Data excerpts:
+---+

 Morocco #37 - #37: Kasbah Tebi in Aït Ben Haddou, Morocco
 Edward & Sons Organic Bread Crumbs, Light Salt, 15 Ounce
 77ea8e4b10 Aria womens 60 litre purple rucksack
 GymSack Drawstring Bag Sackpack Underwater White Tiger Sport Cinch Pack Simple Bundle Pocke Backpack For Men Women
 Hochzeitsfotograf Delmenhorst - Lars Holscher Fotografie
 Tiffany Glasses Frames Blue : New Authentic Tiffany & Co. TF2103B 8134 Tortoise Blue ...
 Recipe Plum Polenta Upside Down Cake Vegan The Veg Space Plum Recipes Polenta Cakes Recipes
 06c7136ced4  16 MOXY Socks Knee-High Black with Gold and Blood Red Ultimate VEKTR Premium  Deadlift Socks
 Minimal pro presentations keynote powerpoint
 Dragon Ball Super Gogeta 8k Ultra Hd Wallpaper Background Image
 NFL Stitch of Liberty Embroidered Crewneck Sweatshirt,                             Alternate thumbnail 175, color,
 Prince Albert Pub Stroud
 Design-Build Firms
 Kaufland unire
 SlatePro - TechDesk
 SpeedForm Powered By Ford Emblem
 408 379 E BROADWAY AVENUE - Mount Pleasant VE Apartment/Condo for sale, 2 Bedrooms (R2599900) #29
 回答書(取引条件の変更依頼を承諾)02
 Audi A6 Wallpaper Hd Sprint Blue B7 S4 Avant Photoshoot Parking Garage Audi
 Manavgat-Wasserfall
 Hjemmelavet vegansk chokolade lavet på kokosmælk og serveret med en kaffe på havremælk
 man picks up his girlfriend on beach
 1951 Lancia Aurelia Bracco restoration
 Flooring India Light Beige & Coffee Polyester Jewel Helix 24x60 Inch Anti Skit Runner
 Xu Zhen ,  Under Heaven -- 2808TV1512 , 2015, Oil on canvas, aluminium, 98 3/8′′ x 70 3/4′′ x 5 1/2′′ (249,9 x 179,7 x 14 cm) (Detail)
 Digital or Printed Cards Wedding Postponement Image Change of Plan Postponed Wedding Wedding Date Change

+---+

**Task to carry out:**
The lines above from the one with "回答書(取引条件の変更依頼を承諾)02" through the one with "Flooring India Light" are to be duplicated exactly, ends included, with nothing added.

**Completed exercise:**
 回答書(取引条件の変更依頼を承諾)02
 Audi A6 Wallpaper Hd Sprint Blue B7 S4 Avant Photoshoot Parking Garage Audi
 Manavgat-Wasserfall
 Hjemmelavet vegansk chokolade lavet på kokosmælk og serveret med en kaffe på havremælk
 man picks up his girlfriend on beach
 1951 Lancia Aurelia Bracco restoration
 Flooring India Light Beige & Coffee Polyester Jewel Helix 24x60 Inch Anti Skit Runner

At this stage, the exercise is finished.